Problem solved: I replaced "/app/lib/database.jar" with "/lib/database.jar"

How do I read a resource file from a Java jar file?

I'm trying to access an XML file within a jar file, from a separate jar that's running as a desktop application. I can get the URL to the file I need, but when I pass that to a FileReader (as a String) I get a FileNotFoundException saying "The file name, directory name, or volume label syntax is incorrect."
As a point of reference, I have no trouble reading image resources from the same jar, passing the URL to an ImageIcon constructor. This seems to indicate that the method I'm using to get the URL is correct.
URL url = getClass().getResource("/xxx/xxx/xxx/services.xml");
ServicesLoader jsl = new ServicesLoader( url.toString() );
Inside the ServicesLoader class I have
XMLReader xr = XMLReaderFactory.createXMLReader();
xr.setContentHandler( this );
xr.setErrorHandler( this );
xr.parse( new InputSource( new FileReader( filename )));
What's wrong with using this technique to read the XML file?
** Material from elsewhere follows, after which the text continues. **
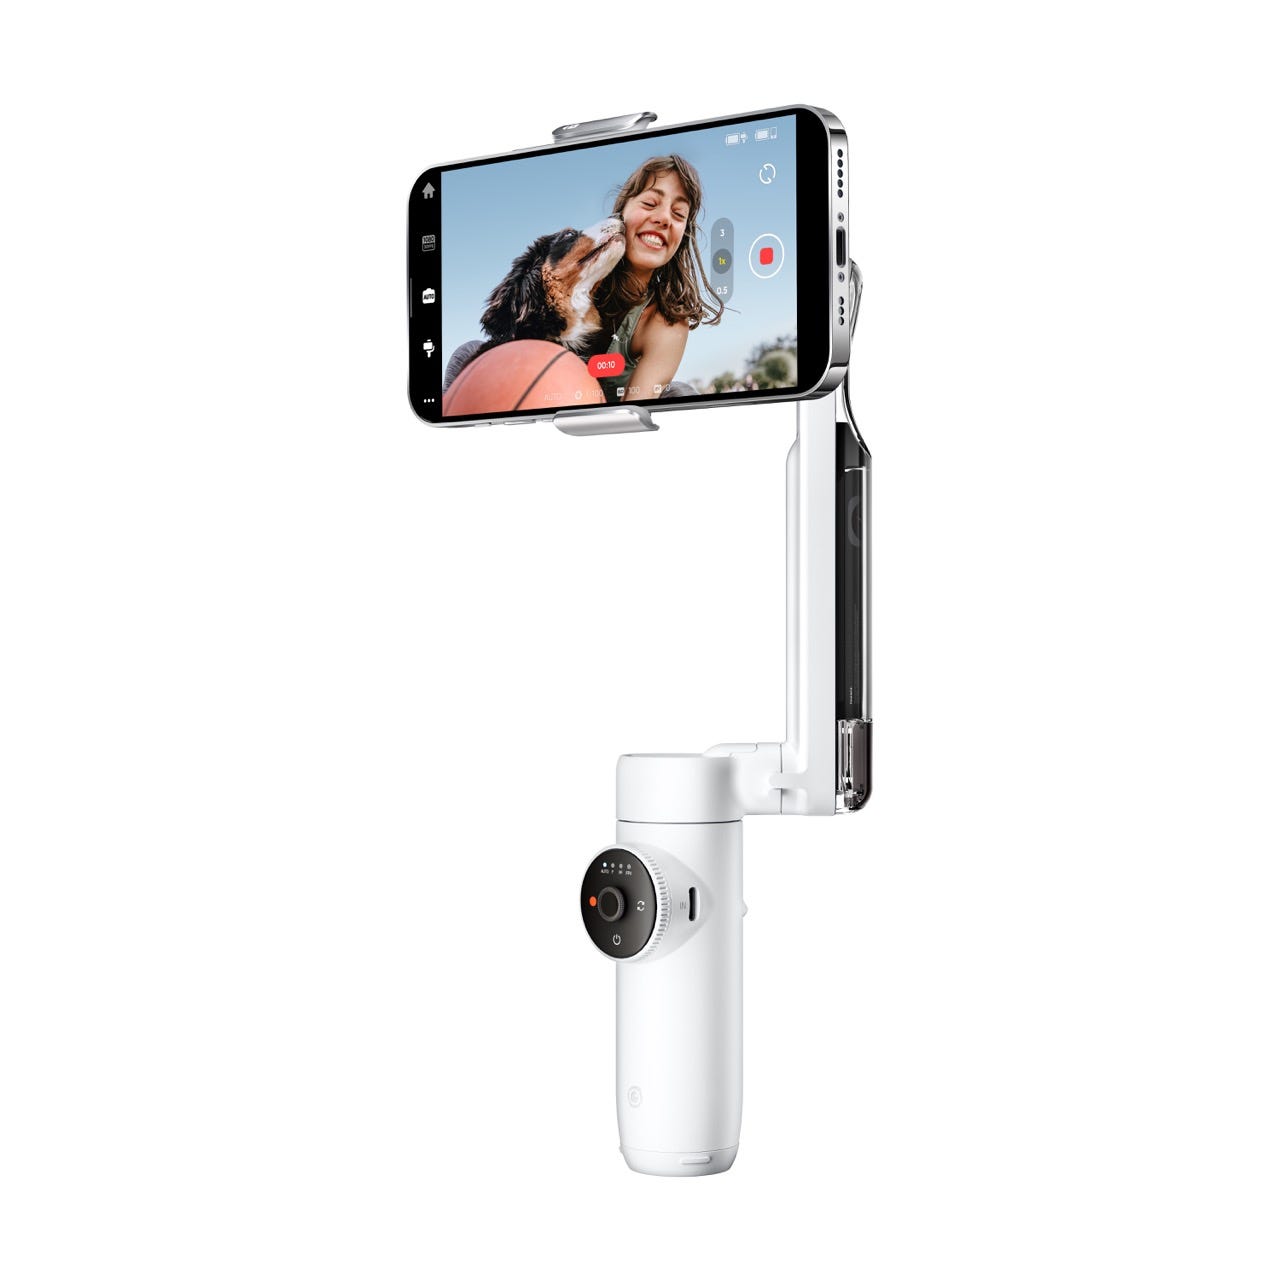 Product image of the Insta360 Flow, a gimbal with a hand grip, stabilizing arm, and a smartphone attached.

Looks like you want to use java.lang.Class.getResourceAsStream(String), see
https://docs.oracle.com/javase/8/docs/api/java/lang/Class.html#getResourceAsStream-java.lang.String-

You don't say if this is a desktop or web app. I would use the getResourceAsStream() method from an appropriate ClassLoader if it's a desktop or the Context if it's a web app.

It looks as if you are using the URL.toString result as the argument to the FileReader constructor. URL.toString is a bit broken, and instead you should generally use url.toURI().toString(). In any case, the string is not a file path.
Instead, you should either:
Pass the URL to ServicesLoader and let it call openStream or similar.
Use Class.getResourceAsStream and just pass the stream over, possibly inside an InputSource. (Remember to check for nulls as the API is a bit messy.)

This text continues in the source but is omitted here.